SAN BENITO.
Traigo a colación, en este
lunes de mayo, para mi glosario de las emociones, la fiesta de San Benito Abad
de El Cerro de Andévalo. Lo traigo porque hoy es el día grande de la Romería,
porque allá se juntan una serie de actitudes con una memoria de siglos a las
espaldas, siempre haciendo el discurrir de los ritos de igual manera que
antaño.
Se dan
la mano, en San Benito, lo ancestral y lo devocional, lo costumbrista y lo
lírico, la belleza y el arte. Lo de menos son los complementos que la adornan y
lo de más es la conservación de la historia tal como se viene escribiendo desde
tiempos inmemoriales.
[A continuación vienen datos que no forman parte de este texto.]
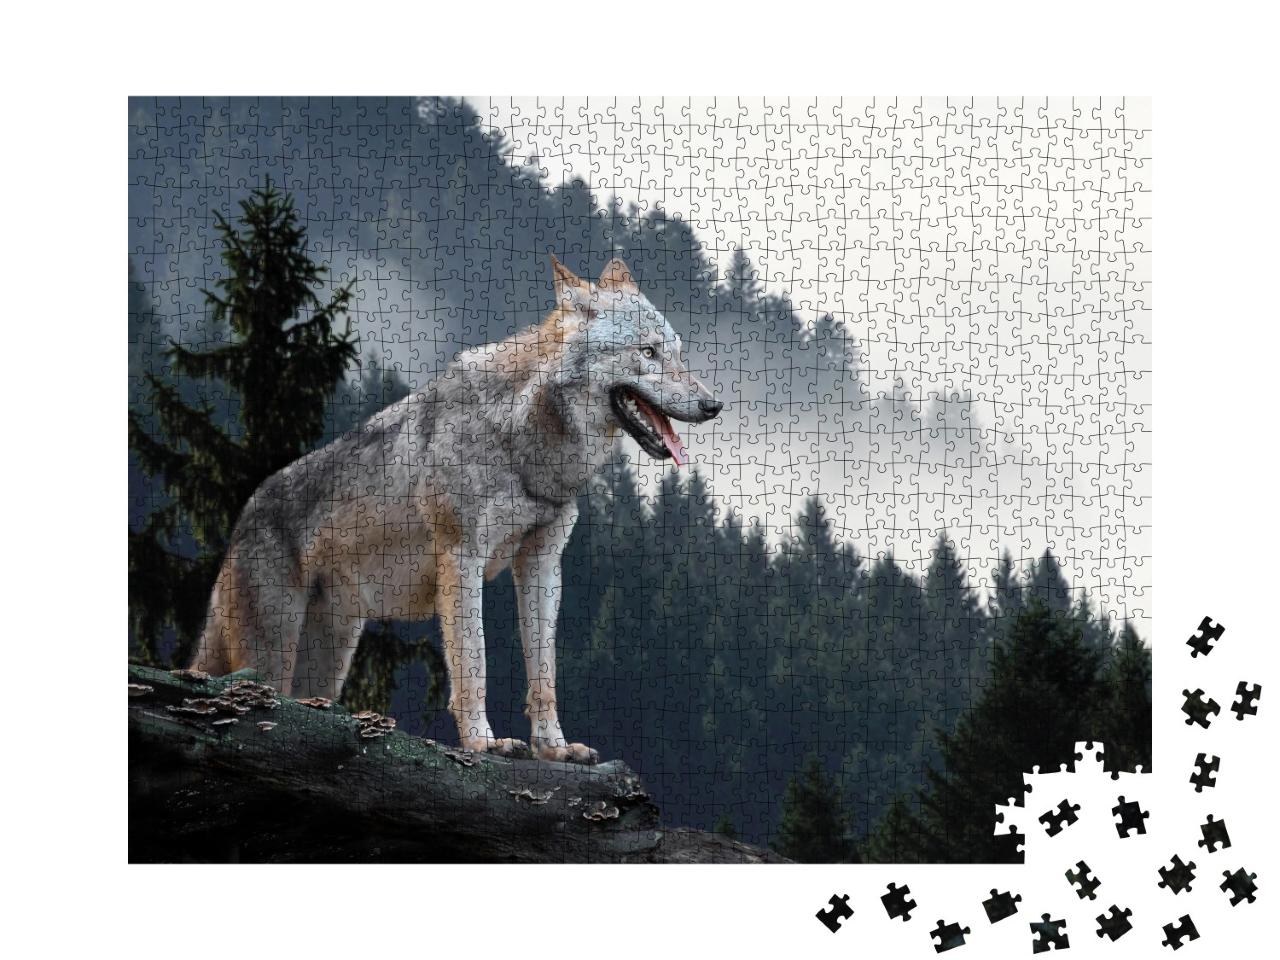 Puzzle de 1000 pièces « Timberwolf dans les montagnes »

En aquel marco sobradamente exquisito, en aquella
planicie clara y limpia versan las jamugueras en danzas de folía y poleo, en
lucimiento de trajes de otra época que le dan un carácter singular y único. Lo
de menos es el número de caballos, lo de menos son los atavíos modernos, lo de
menos es la diversión. Reinan los regustos por la tradición, deleites por la estancia, una devoción
inequívocamente armoniosa y una protección enorme a su tesoro para evitar
contaminaciones de otros festejos. Tal como se hiciera siempre, se hace ahora.
Y todo se enmarca en el lindo paraje donde las gentes ejercen su predilección
por el agasajo y la hospitalidad.
Todo
sencillo y todo grande, todo respetando la configuración de los antepasados
como mejor tributo a la costumbre, que allá se hace hasta con la propia vida.
Y aún,
a estas alturas, nos acercamos y nos sorprendemos. Unos porque encuentran esa
parte del siglo XV incrustada en esta época y se respira un aire sabio, otros
porque nunca tuvieron la curiosidad por vivirlo y les parece un descubrimiento
nuevo, pero está allá, ya digo, desde el siglo indicado. San Benito, en El
Cerro, es de esos lugares a los que nos debe obligar la vida acudir alguna vez.
Porque además de todo también es un misterio y merece la pena comprenderlo.